## Input data
================

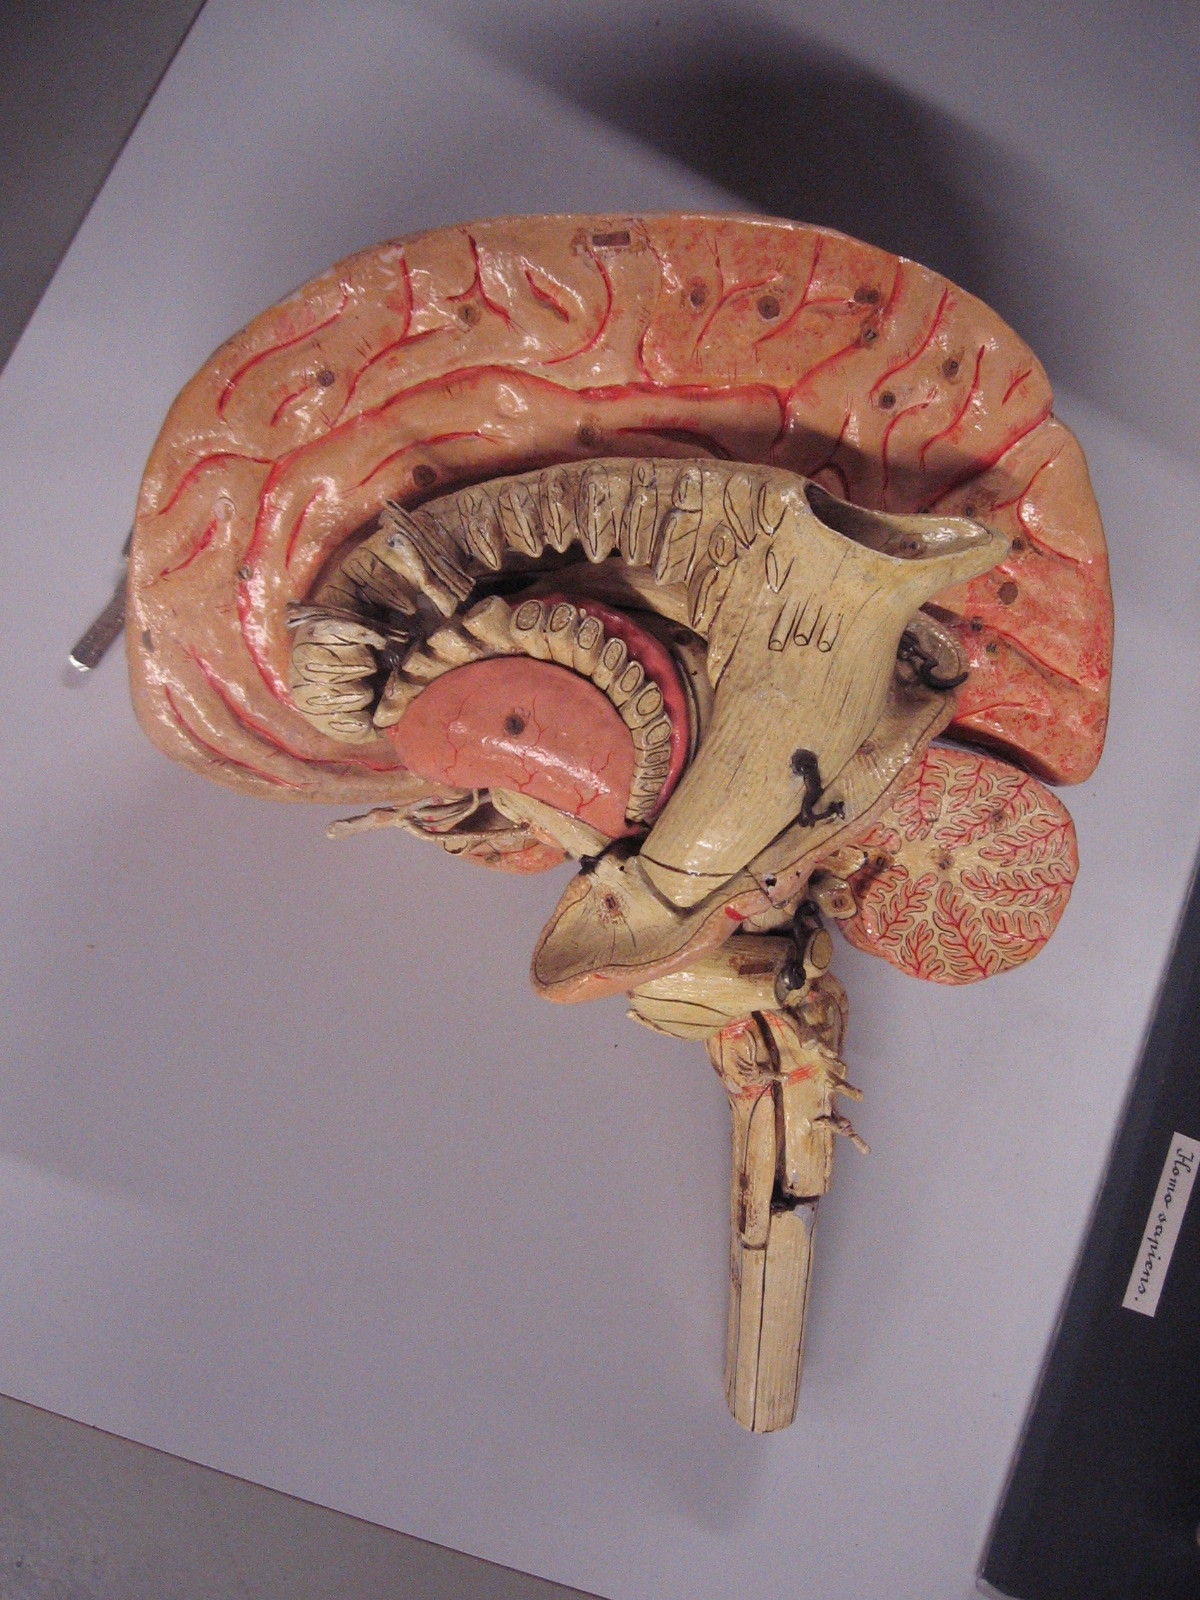 tekst_uitleg nature characters humanoids texture brain brainmodel wood wooden brains antique
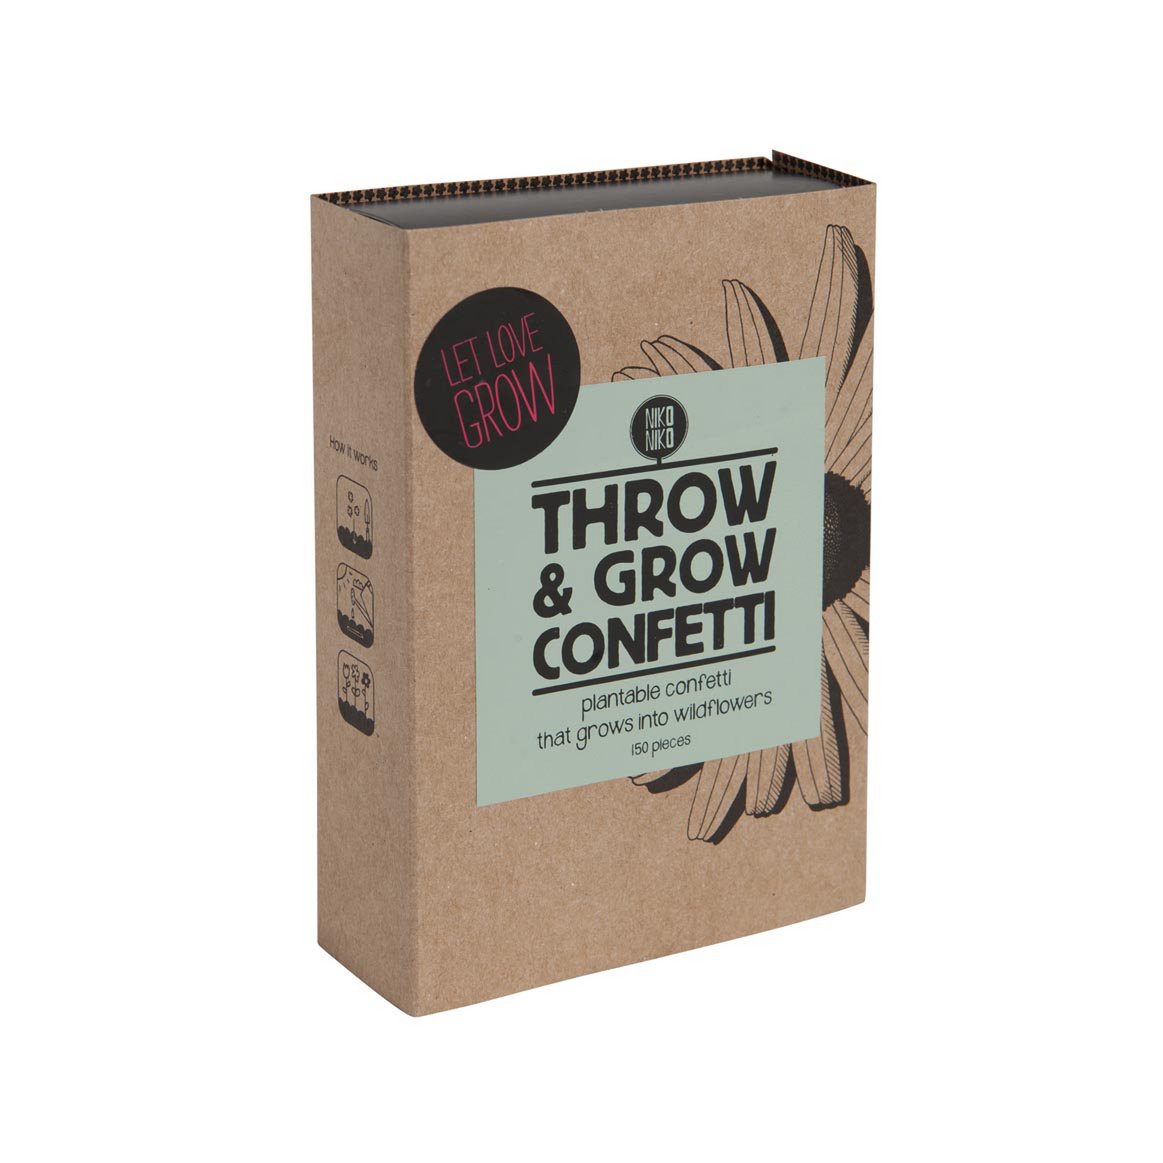 Throw & grow confetti hartjes
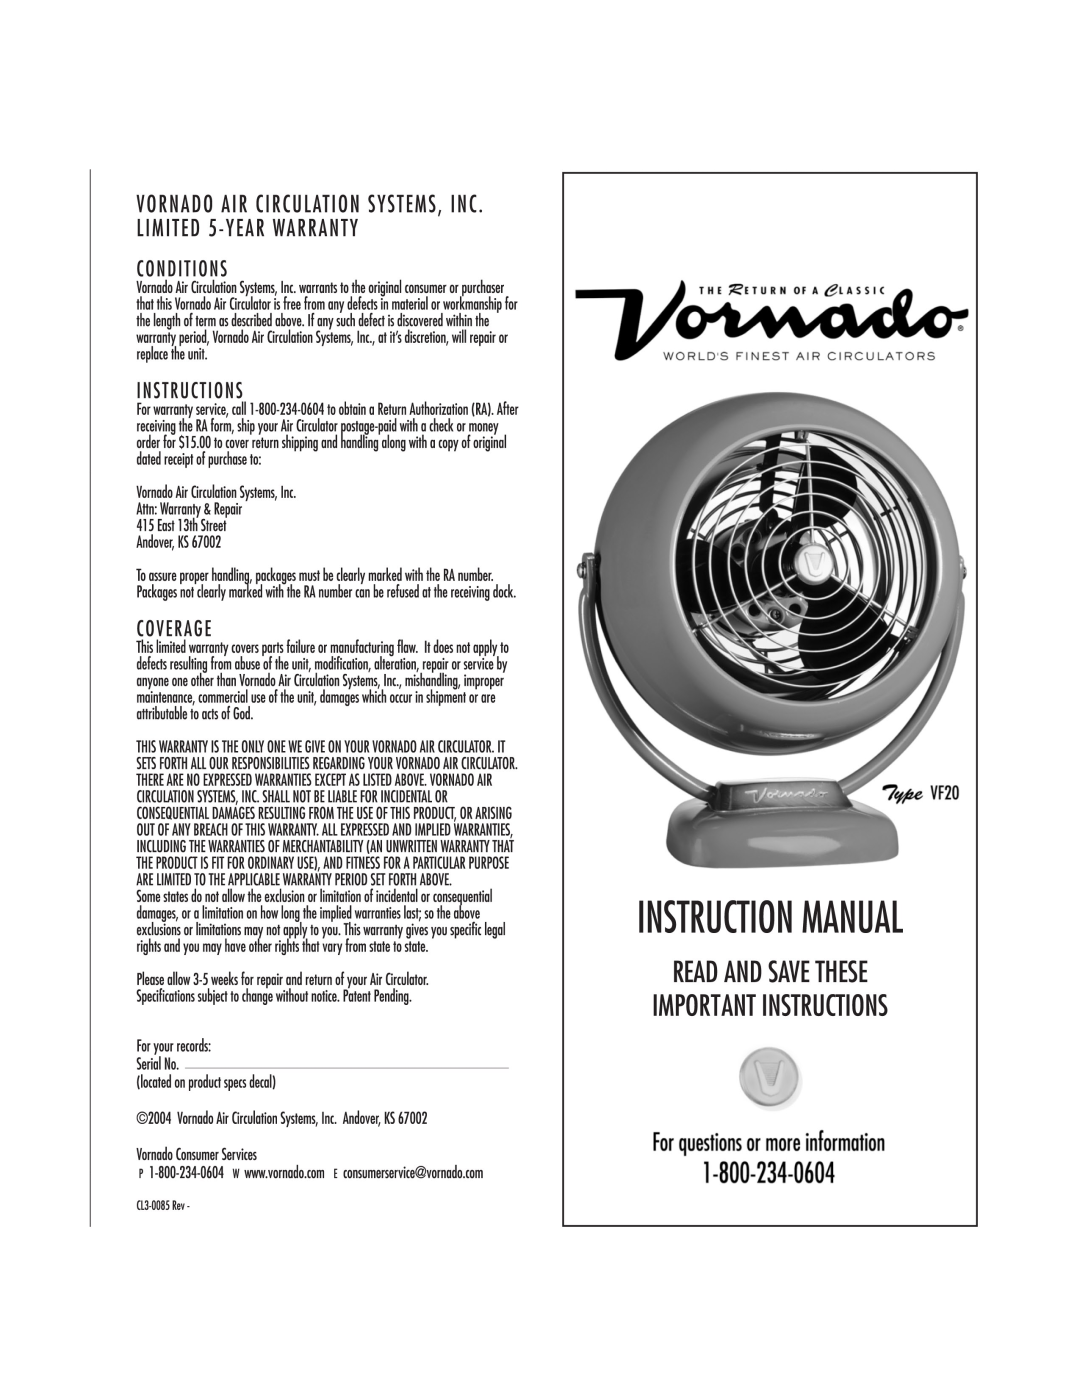 Vornado Type VF20 manual

================

## What needs to be done
What the task needs is the material above repeated exactly, pictures excepted.

## Your solution
 tekst_uitleg nature characters humanoids texture brain brainmodel wood wooden brains antique
 Throw & grow confetti hartjes
 Vornado Type VF20 manual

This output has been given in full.